In the two charts below, we have graphed energy imports and exports, both by income level and by region. Note that you can also manually select countries to compare. Here we have measured energy imports and exports as a percentage of domestic energy use, where a positive percentage indicates a country or region is a net importer of energy, and negative is a net exporter. For example, collectively high-income nations in 2014 imported nearly five percent of consumed energy.
In terms of income level, we see that there is a distinct flow of energy resources from low, middle and upper middle income to high-income nations (with the exception of lower middle income). On a continental basis, we see the dominance of energy exports from the Middle East & North Africa (being a net exporter of 127 percent of its consumption levels). Interestingly, Sub-Saharan Africa is also a net exporter of energy (despite having low levels of coal reserves and only moderate levels of oil and gas)- this is most likely a result of low levels of domestic consumption. North America and Europe & Central Asia reach approximately energy parity (effectively balancing consumption with trade). South Asia is a net importer of energy, importing approximately one-third of its energy consumption.
If we want to reduce our global greenhouse gas emissions, the world has to transition from an energy system dominated by fossil fuels to a low-carbon one (this is what most countries have set long-term targets to achieve within the Paris climate agreement).8 With the exception of carbon capture and storage (CCS) technology (described later in the entry), we have two options to achieve this: renewable technologies (including bioenergy, hydropower, solar, wind, geothermal, and marine energy) and nuclear energy. Both of these options produce very low CO2 emissions per unit of energy compared with fossil fuels. We call this process of transitioning from fossil fuels to low-carbon energy sources 'decarbonisation'.

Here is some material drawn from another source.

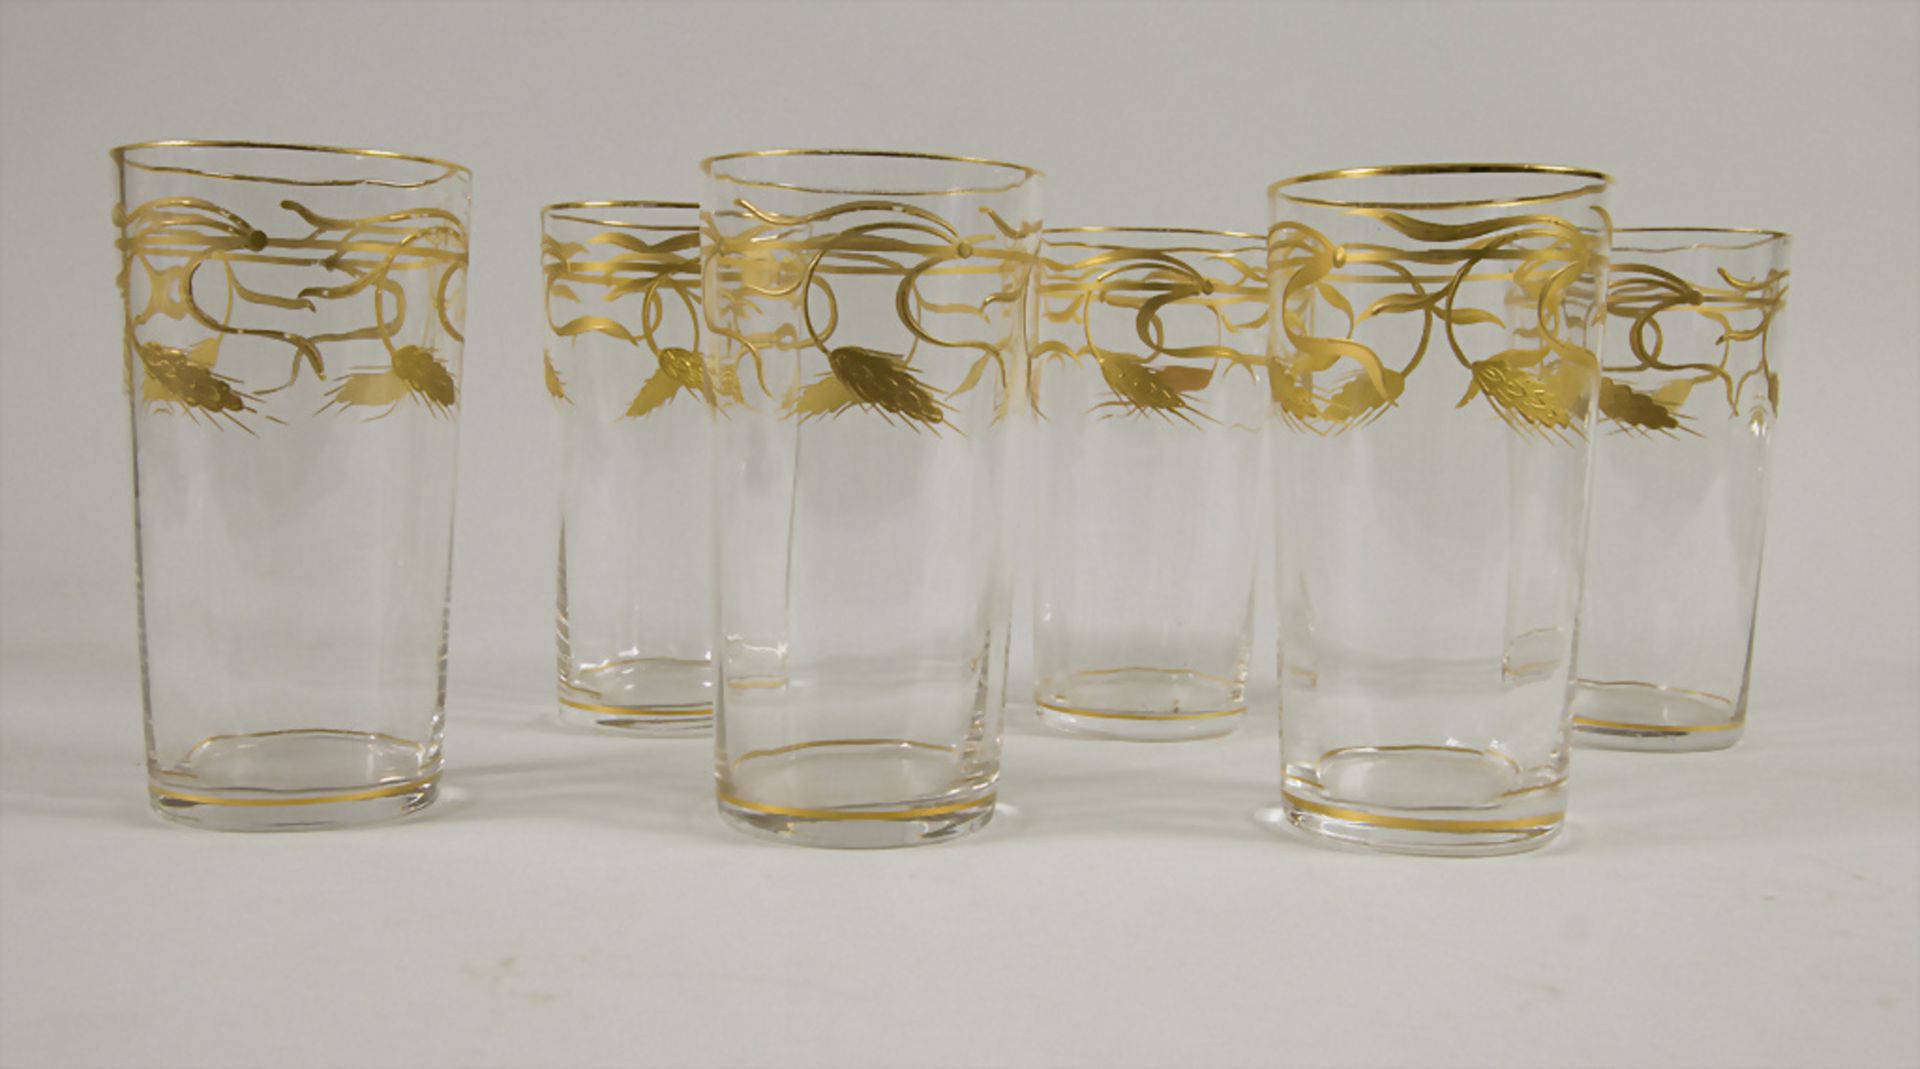 6 Jugendstil Gläser 'Gerste' / 6 Art Nouveau glasses 'Barley', um 1900

In the first section of this entry, we saw that our progress in decarbonising our total energy system (including transport, heat and electricity) has been slow. Fossil fuels are still the dominant energy source. If we focus on our electricity sector in particular, are we performing any better?9
Our progress over the last decade tells an interesting story which we have covered in its own blog post. These trends can be explained in the four charts below which map the share of renewable, nuclear and fossil fuel sources in global electricity production. As a brief summary: over the last decade (2005-2015) the share of renewables in our electricity mix has increased by approximately 5-6 percent. This is good news. However, over this same period, the share from nuclear production has decreased by almost exactly the same amount (5-6 percent).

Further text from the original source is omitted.